— What to work on —
With the exception of the pictures, write out the data below precisely.
+++ Supplied data +++
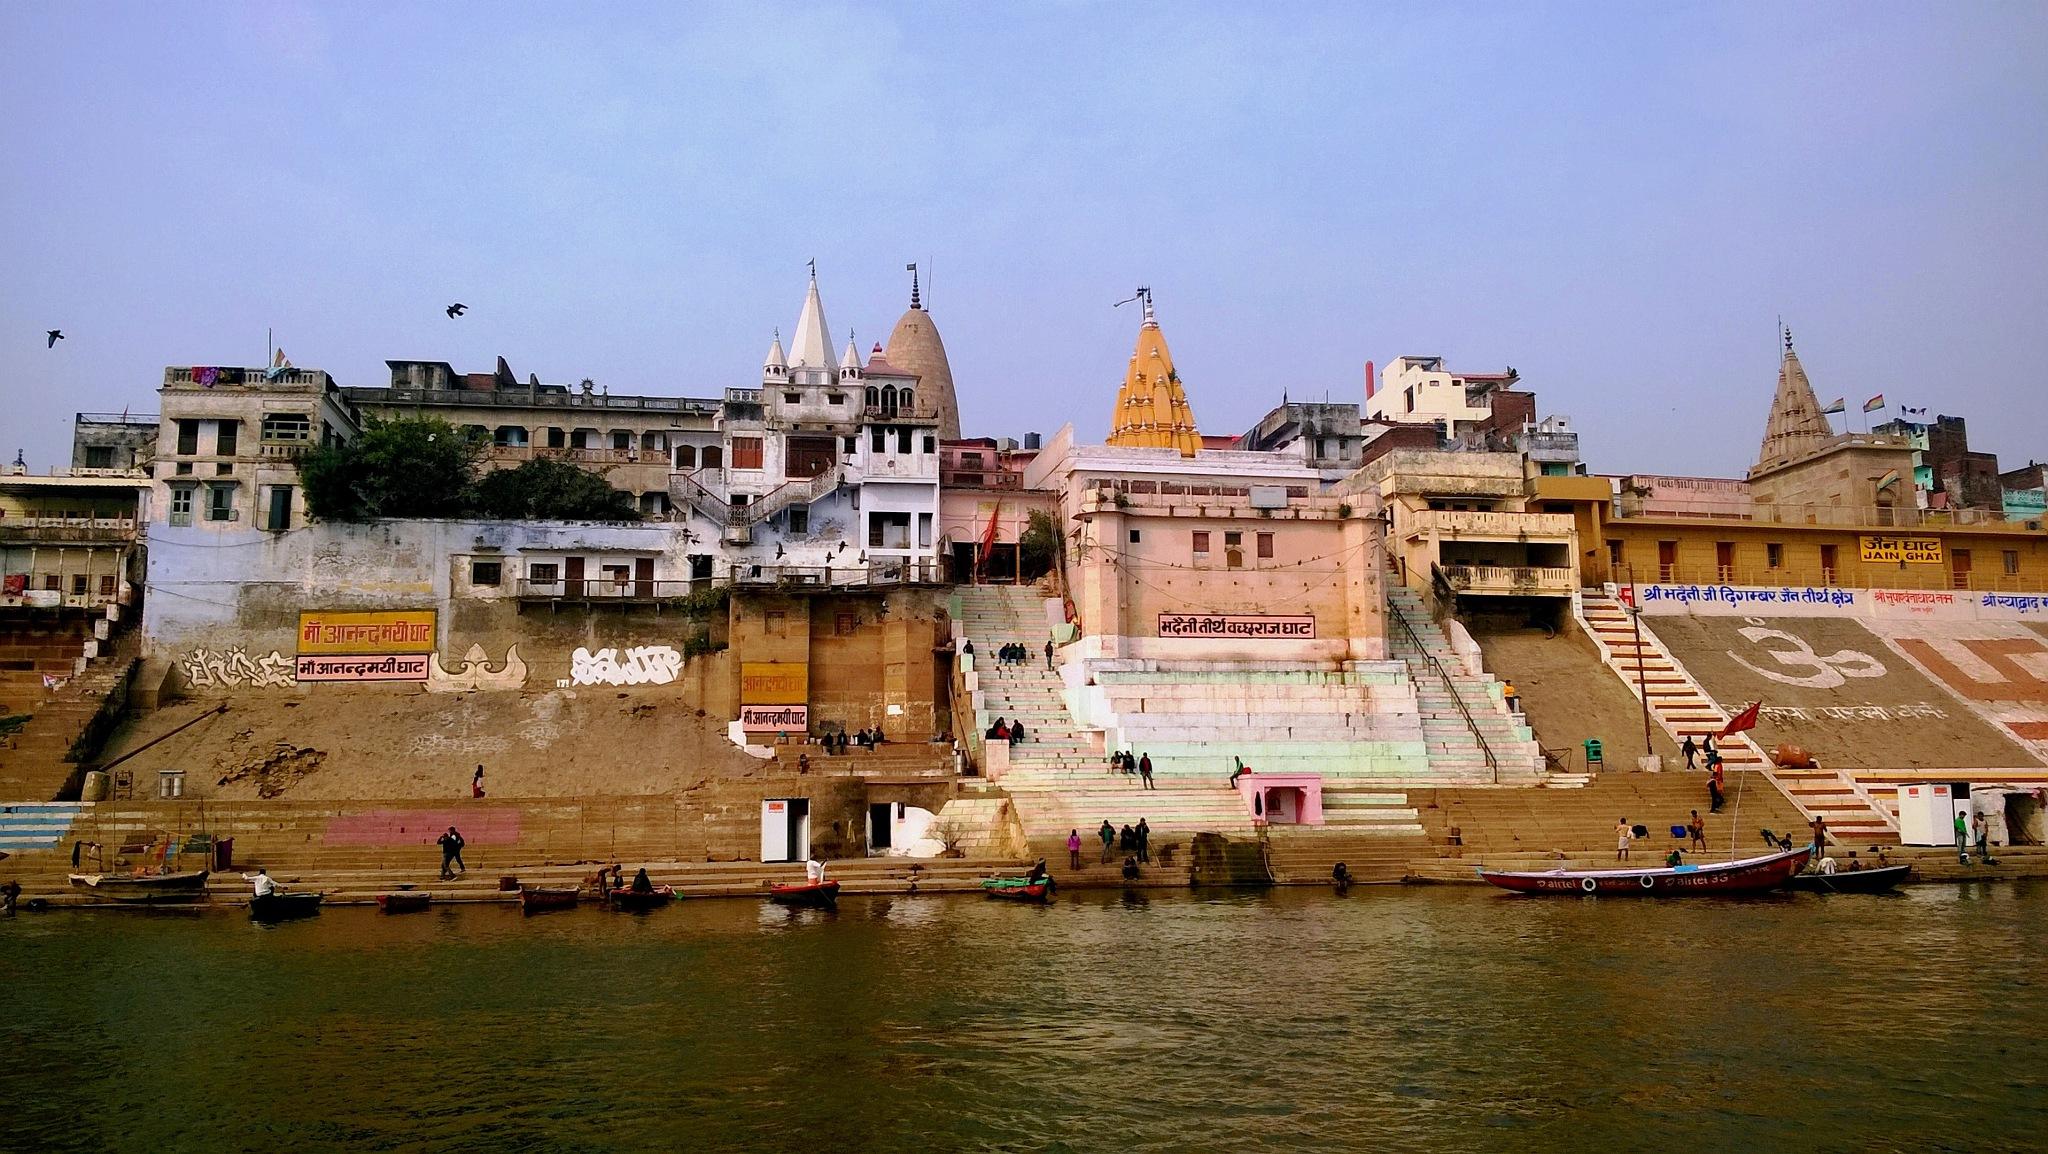 Beauty of Banaras at Ganges 6 by Suresh Tewari
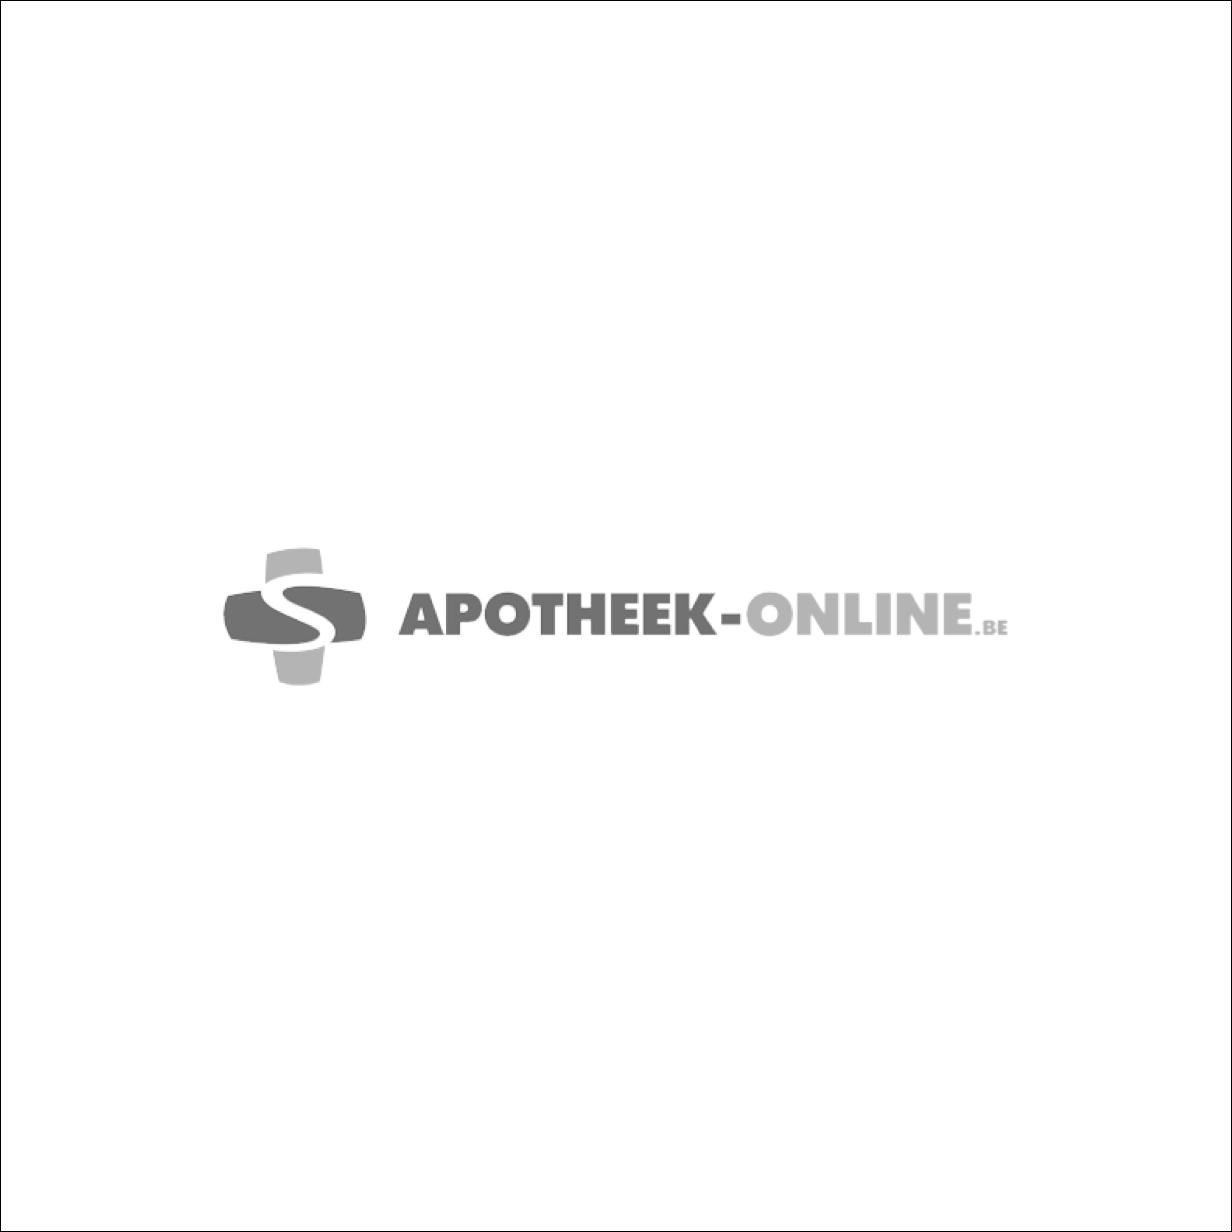 Bota Handpolsband + Duim 105 Skin N2 1 Stuk
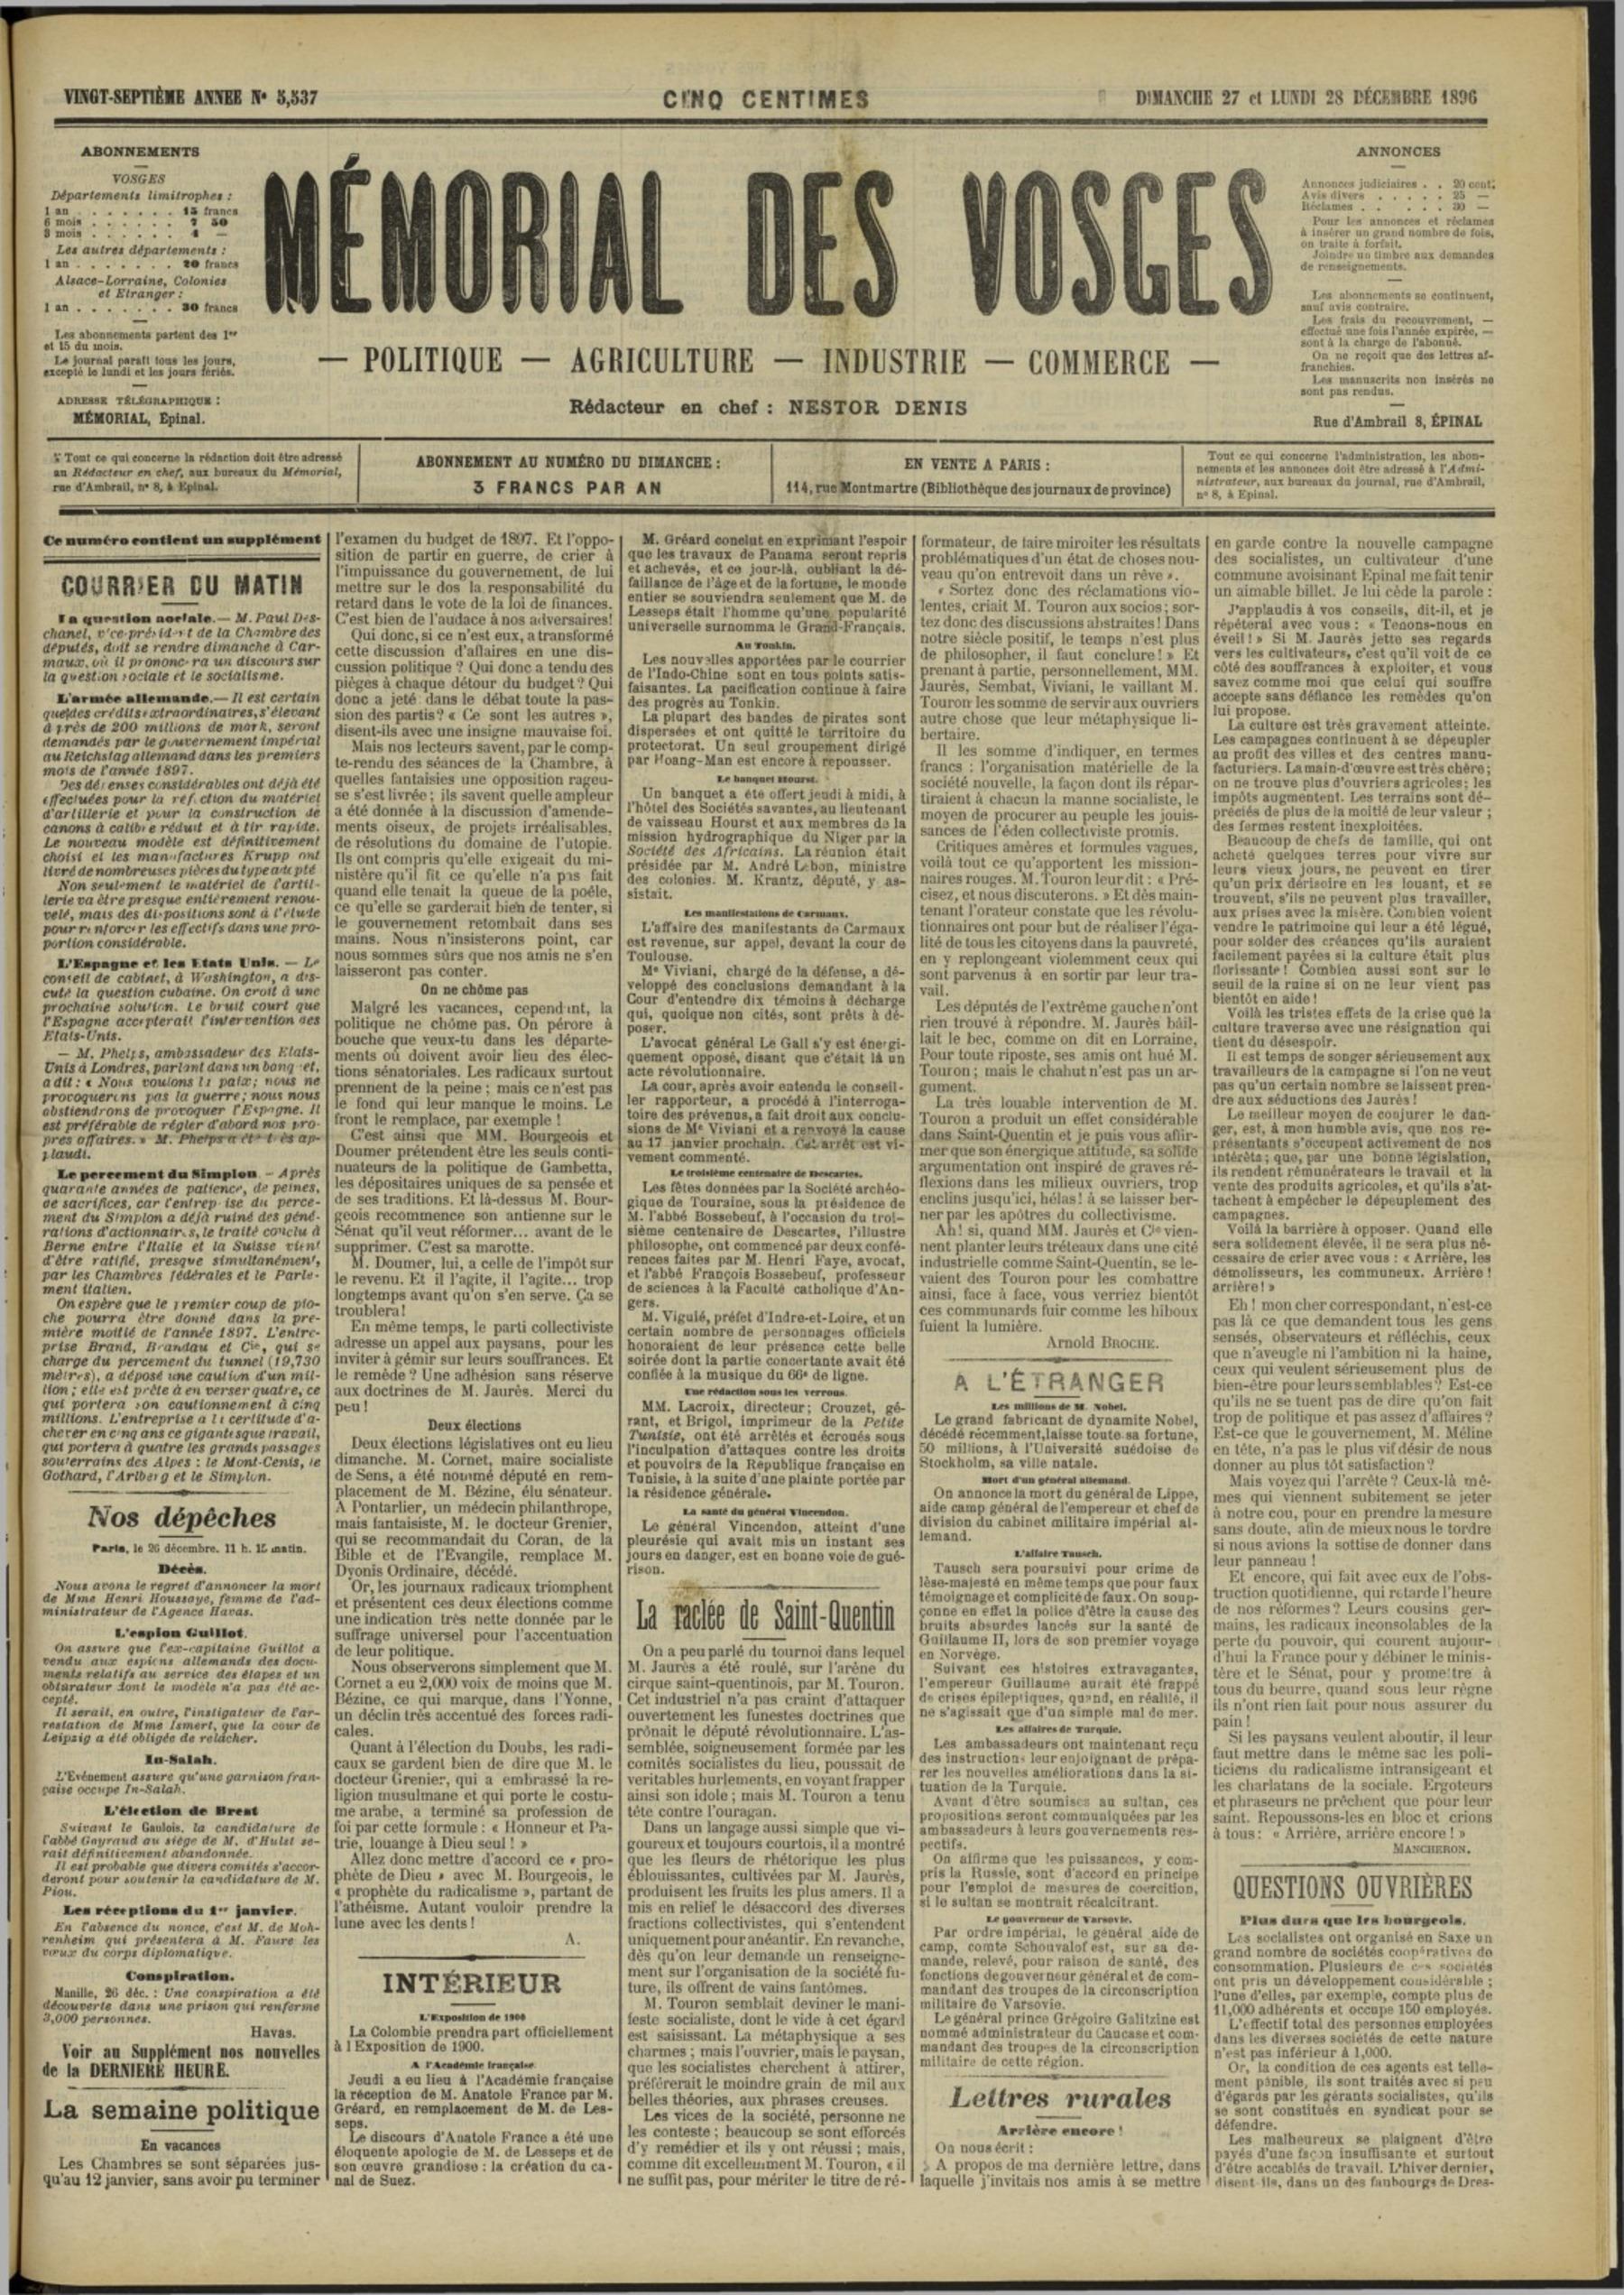 Contenu du Le Mémorial des Vosges : politique, agriculture, industrie, commerce
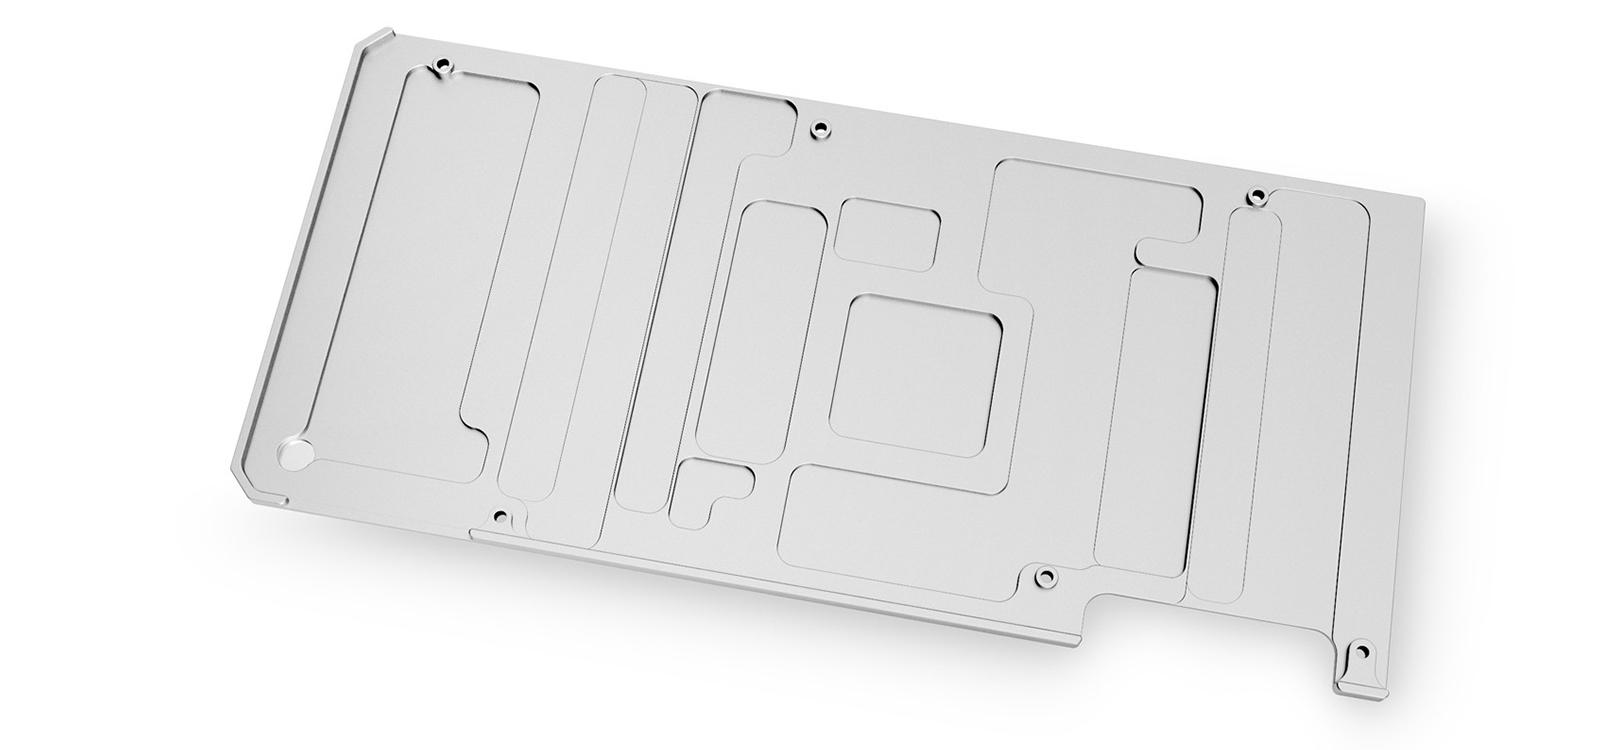 EK-Quantum Vector TUF RTX 3080/3090 Backplate - Nickel3
+++
— Response to the task —
 Beauty of Banaras at Ganges 6 by Suresh Tewari
 Bota Handpolsband + Duim 105 Skin N2 1 Stuk
 Contenu du Le Mémorial des Vosges : politique, agriculture, industrie, commerce
 EK-Quantum Vector TUF RTX 3080/3090 Backplate - Nickel3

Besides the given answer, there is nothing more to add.